Delegates met for the fourth day of official negotiations at the UN COP15 biodiversity talks on Saturday, where the pace of progress is accelerating to agree the text that will form the post-2020 global agreement – but only if “progress” is measured in “bracket count”, according to some groups of observers.
After slow progress reported by groups of environmental non-profits over the first few days of the conference, Friday and Saturday saw a burst of progress to whittle down the number of brackets in the draft text of the Global Biodiversity Framework (GBF).
Bracketed text highlights areas of disagreement, or where no consensus can be found in specific wording, but some observers worry that scrambling for agreement to reduce bracket count could water down the text.
“Brackets are dropping like flies,” Bernadette Fischler, head of international advocacy at green-group WWF UK, told a press conference Saturday morning.
“But brackets must not come at the expense of ambition,” she added, clarifying that negotiators need to “up the ambition” while simultaneously dropping the bracket count.
Technical negotiators have been pressured to clean up the text before passing it over to ministers and other high-level representatives who will start arriving at COP15 next week.
Clean text must be provided to all the parties in the plenary for adoption at the end of the COP.
On Friday, several civil society groups, representing segments including Indigenous peoples, conservation organisations, and youth, held a press conference to “sound the alarm” over the overall slow pace of progress at the COP15 negotiations.
The lack of progress was specifically highlighted for key issues such as finance for nature, how governments will be held accountable to their commitments, and how human rights-based approaches are reflected in the text, including safeguarding the rights of Indigenous peoples and local communities.
COP15 “working groups” are established on specific issues with the aim to provide clean text.
For areas where significant work is required, the chairs of the working groups can create ‘contact groups’ or ‘friends of the chair’ to hash out specific issues.
The contact group established on the GBF was originally mandated to go over the entire text, meeting in the afternoon and evening over the past few days.
“The contact group made progress on a number of paragraphs … Many brackets were lifted, but several paragraphs remain in brackets and need to be taken up again,” Rosemary Paterson, New Zealand delegate and co-chair of the GBF working group 1, told plenary participants Saturday afternoon.
There were 1,800 brackets in the GBF text coming out of the Nairobi session in June, but the informal meetings before COP15 had helped reduce this count to around 900.
Some of the targets are already clean, but many of the most prickly issues remain unresolved, several observers have noted, with these divergences more apparent as the text is cleaned up further.
One of the trickiest issues is finance for biodiversity, which serves as an example of how brackets can be lifted without the core of the argument agreed.
“Parties agreed that access to funding is one of the biggest challenges faced by domestic resource mobilisation.

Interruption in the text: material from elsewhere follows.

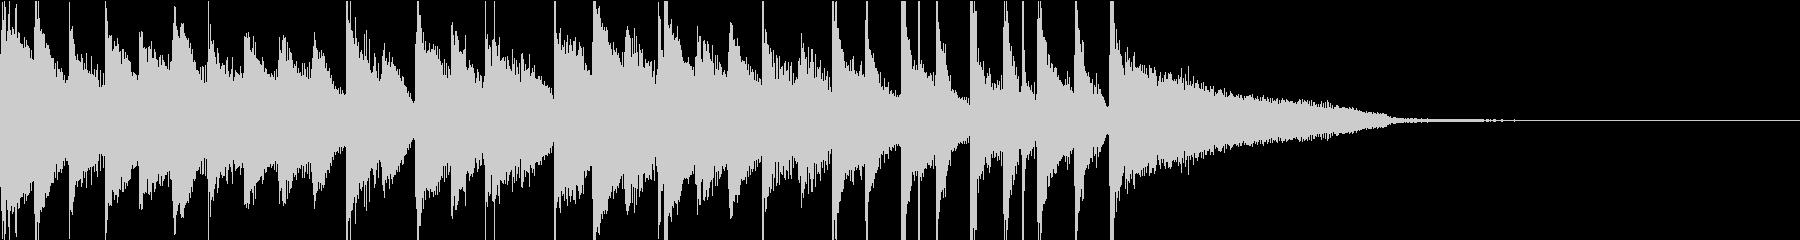 ほのぼの系15秒ジャストのバンドサウンドの未再生の波形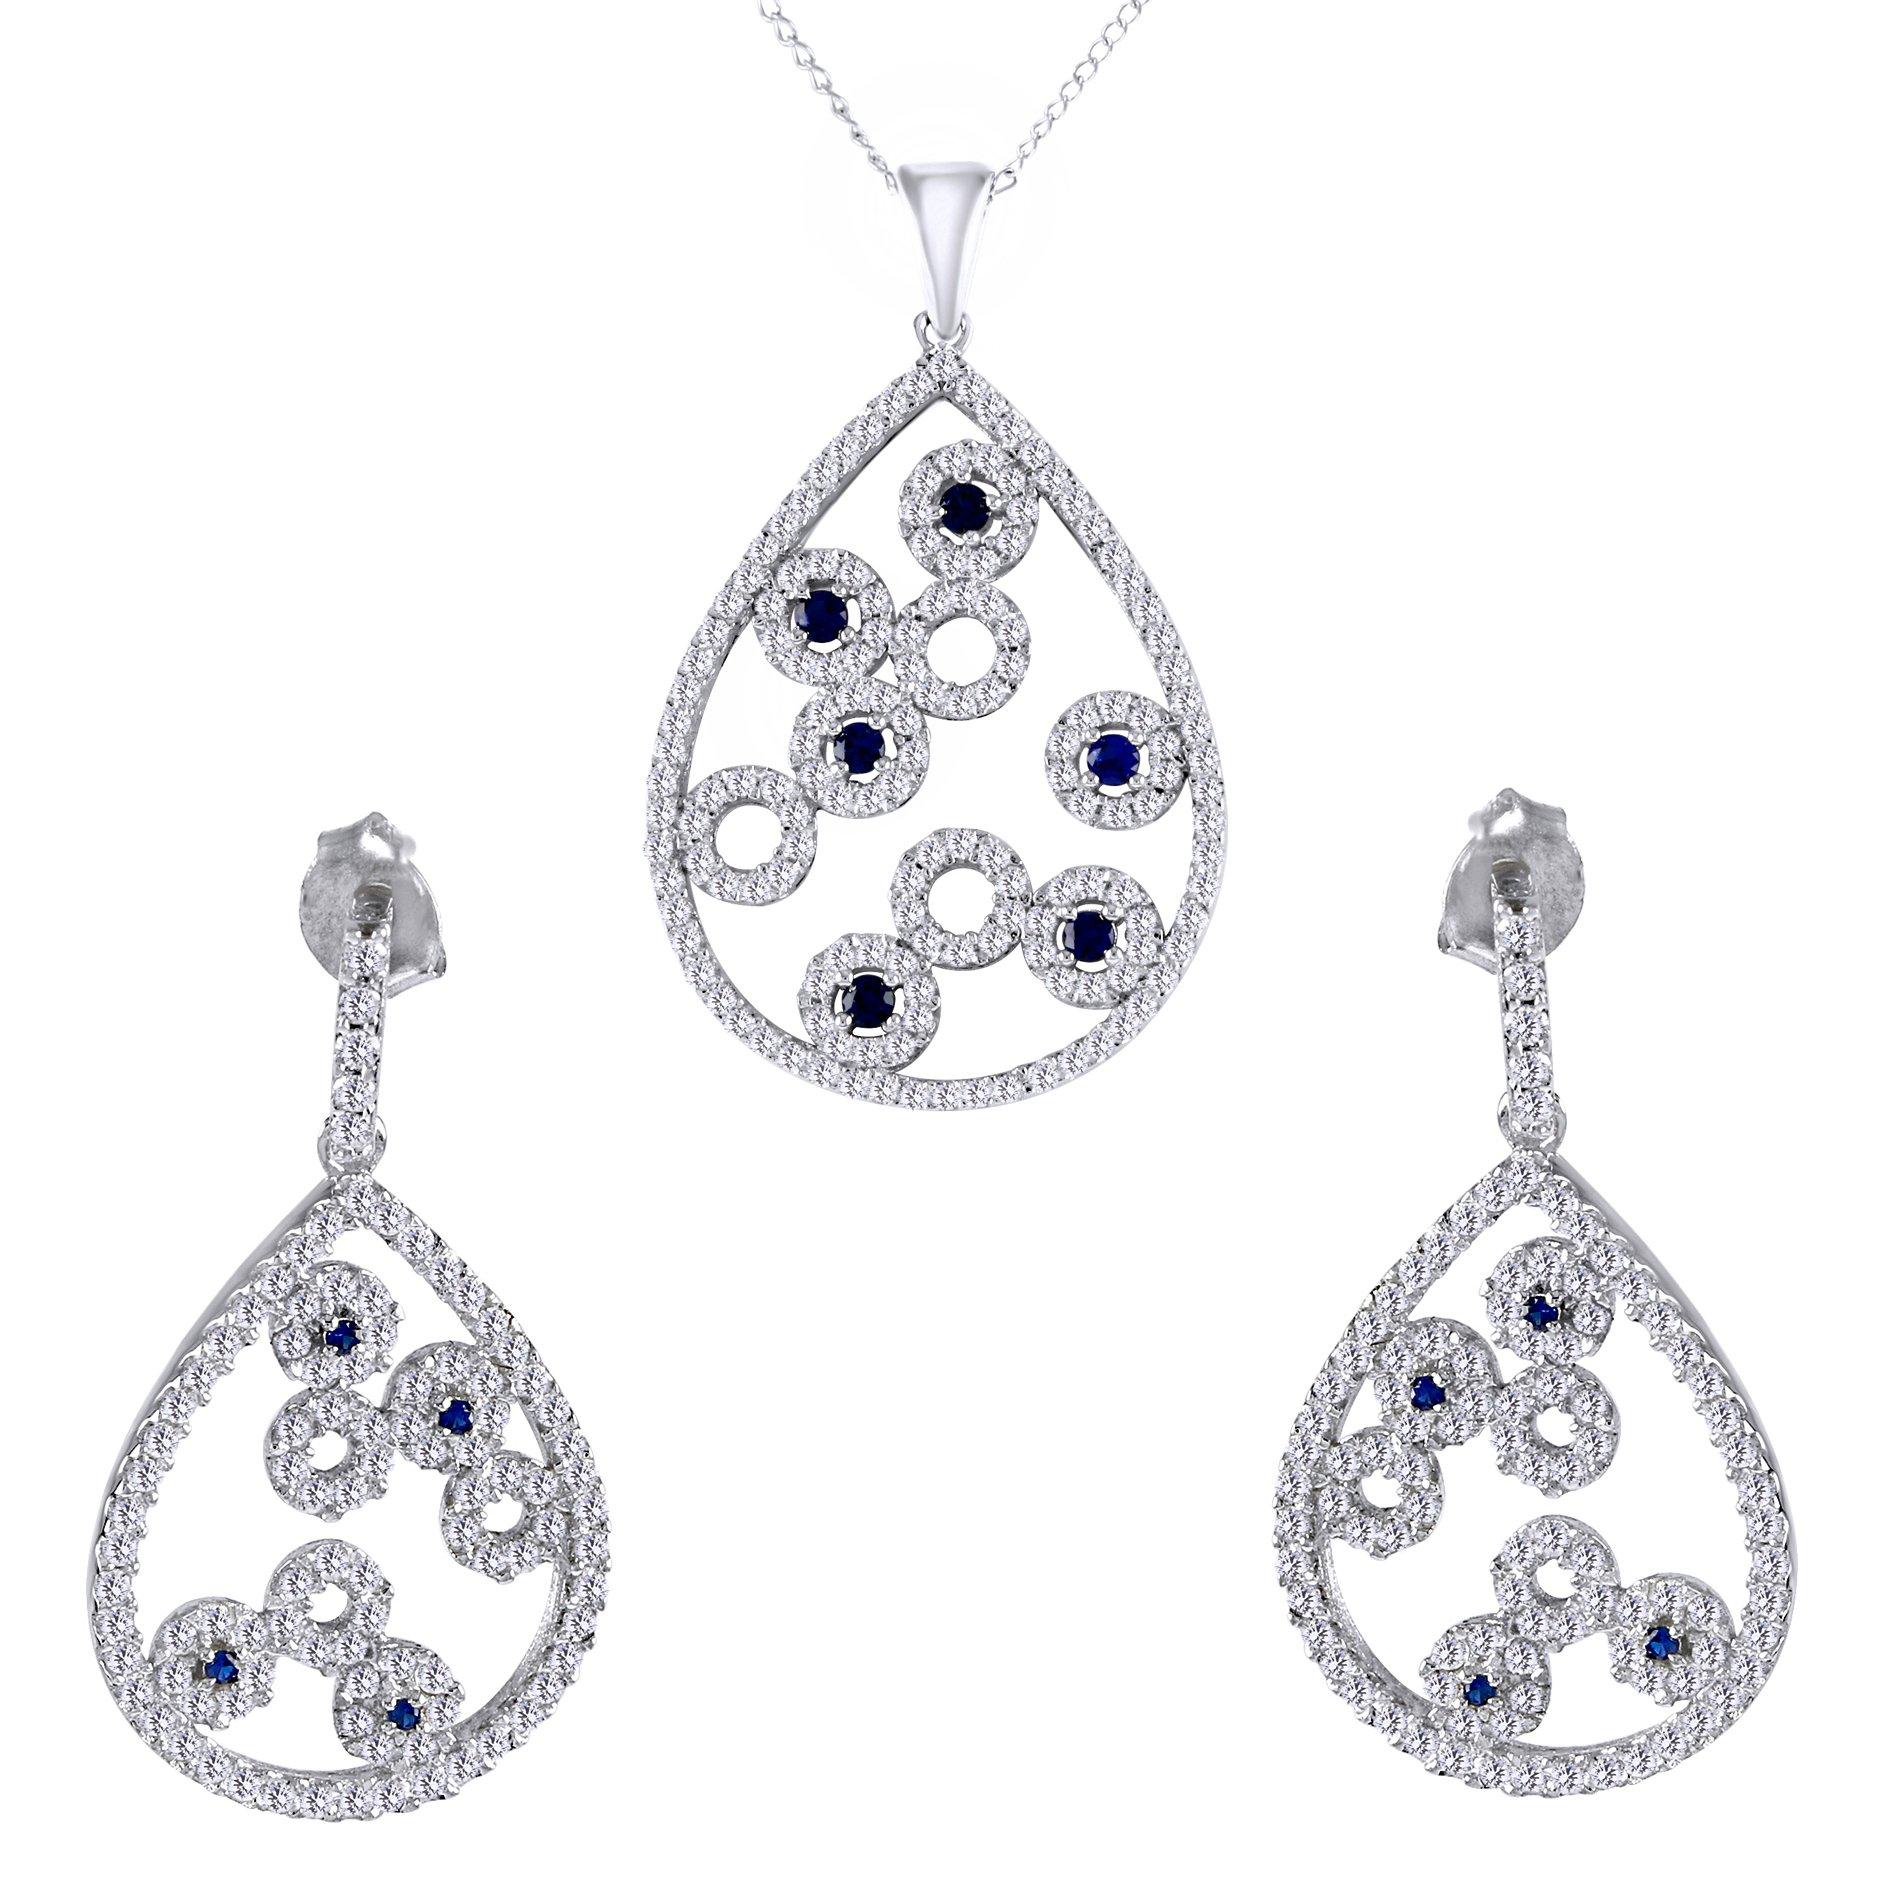 Vintage Style Teardrop Contour Earrings Pendant Set In 925 Sterling Silver By Jewel Zone US by Jewel Zone US

Parties disagreed on how best to address this challenge,” Paterson said.
The role of the Global Environment Facility (GEF) in finance commitments is particularly contentious, some observers have noted.
With some 193 governments having joined the talks in Montreal, reaching the required consensus on these types of issues will be difficult.
The next COP is scheduled to be held in Turkey in 2024, but several groups have already noted that the schedule should be fast-tracked to 2023.
Likewise for COP17, which is currently planned for 2026. It is expected to be hosted in a country in the Central and Eastern European regions, with nominations continuing to roll in.
But these later negotiating sessions will need a solid agreement to work from, and observers say the Montreal GBF must include as many details as possible to avoid text that is so compromised that it becomes meaningless.
It is widely recognised that concrete and measurable targets are needed for 2030, observers have noted, but the implementation framework for monitoring, review, and verification of targets implementation is also crucial.
WWF’s Fischler noted that a “ratchet mechanism” – to ensure that ambition can be strengthened if progress is assessed as insufficient – is one of these critical elements, but that she is dismayed to see many parties resisting the idea.
“We can’t hatchet the ratchet,” she added.